Danovitch G M, Jamgotchian N J, Eggena P H, Paul W, Barrett J D, Wilkinson A, Lee D B
Department of Medicine, UCLA Medical Center, USA.
Transplantation. 1995 Jul 27;60(2):132-7.
Recent observations indicate that angiotensin-converting enzyme (ACE) inhibition corrects renal transplant erythrocytosis (RTE). The mechanism for this association is not known. We examined the effect of ACE inhibition on hematocrit, erythropoietin (EPO), and renin substrate. ACE inhibition has been reported to suppress renin substrate, which is known to stimulate EPO and erythropoiesis. In 15 patients with RTE, hematocrit dropped from 52.8 +/- 0.6 (SEM) to 45.8 +/- 1.4% after 8 weeks of treatment with Enalapril, 2.5-20 mg/day. Serum EPO (normal range: 9-30 mU/ml) was high in one, normal in seven, and low in seven patients. ACE inhibition reduced EPO in patients with initial high or normal levels but induced no change in patients with initial low levels. ACE inhibition had no significant effect on renin substrate. In one patient who rejected his first graft, erythrocytosis recurred following a second, successful transplant. Treatment was discontinued because of cough in two patients and symptomatic drop in blood pressure in one patient. We conclude RTE is not caused by hypererythropoietinemia. In patients with normal circulating EPO, erythrocytosis may result from an increase sensitivity to EPO, and ACE inhibition lowered hematocrit by further reduction of this hormone. However, the finding of erythrocytosis in half our patients with suppressed EPO, suggests the participation of non-EPO-mediated mechanism(s). The recurrence of RTE in a patient after a second transplant raises the additional possibility of patient-specific factors in the pathogenesis of this disorder. In contrast to other reports, we documented side-effects (cough, hypotension) in three (20%) of our patients. Our clinical experience, coupled with prior reports of spontaneous resolution of RTE in some patients, suggests that intermittent courses of ACE-inhibition may be the optimal strategy in the use of this form of therapy for RTE.

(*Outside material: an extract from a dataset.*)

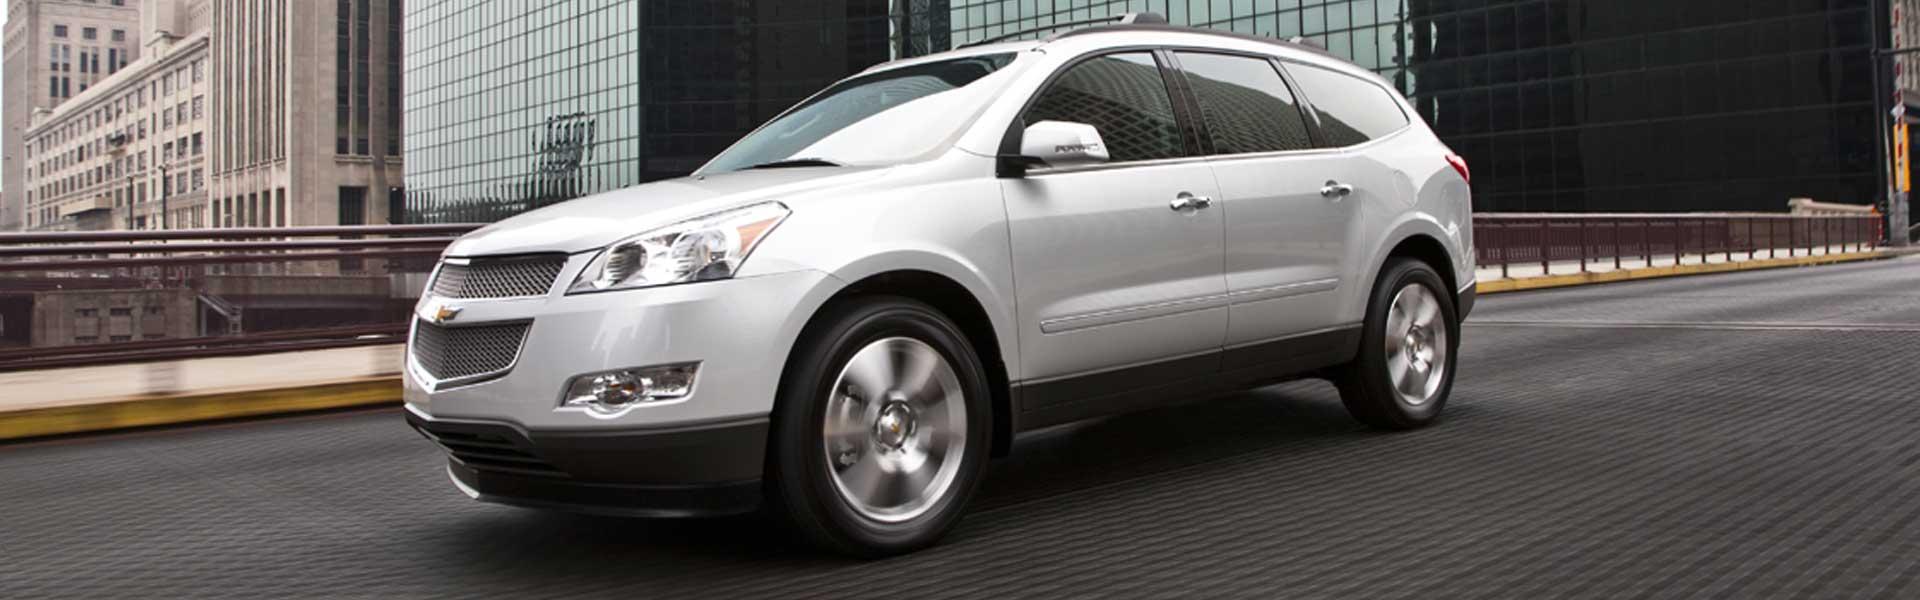 Guaranteed Auto Sales >> Rpm Auto Sales Wholesale Car Dealer In Flint Mi

近期观察表明,血管紧张素转换酶(ACE)抑制可纠正肾移植红细胞增多症(RTE)。这种关联的机制尚不清楚。我们研究了ACE抑制对血细胞比容、促红细胞生成素(EPO)和肾素底物的影响。据报道,ACE抑制可抑制肾素底物,而肾素底物已知可刺激EPO和红细胞生成。在15例RTE患者中,使用依那普利(2.5 - 20mg/天)治疗8周后,血细胞比容从52.8±0.6(标准误)降至45.8±1.4%。血清EPO(正常范围:9 - 30mU/ml)在1例患者中升高,7例正常,7例降低。ACE抑制使初始水平高或正常的患者EPO降低,但对初始水平低的患者无影响。ACE抑制对肾素底物无显著影响。1例首次移植失败的患者在第二次成功移植后红细胞增多症复发。2例患者因咳嗽、1例患者因有症状的血压下降而停药。我们得出结论,RTE不是由促红细胞生成素血症引起的。在循环EPO正常的患者中,红细胞增多症可能是由于对EPO的敏感性增加所致,而ACE抑制通过进一步降低这种激素来降低血细胞比容。然而,在我们半数EPO受抑制的患者中发现红细胞增多症,提示存在非EPO介导的机制。1例患者在第二次移植后RTE复发,提示该疾病发病机制中存在患者特异性因素。与其他报道不同,我们记录了3例(20%)患者出现副作用(咳嗽、低血压)。我们的临床经验以及先前关于一些患者RTE自发缓解的报道表明,间歇性使用ACE抑制可能是治疗RTE的最佳策略。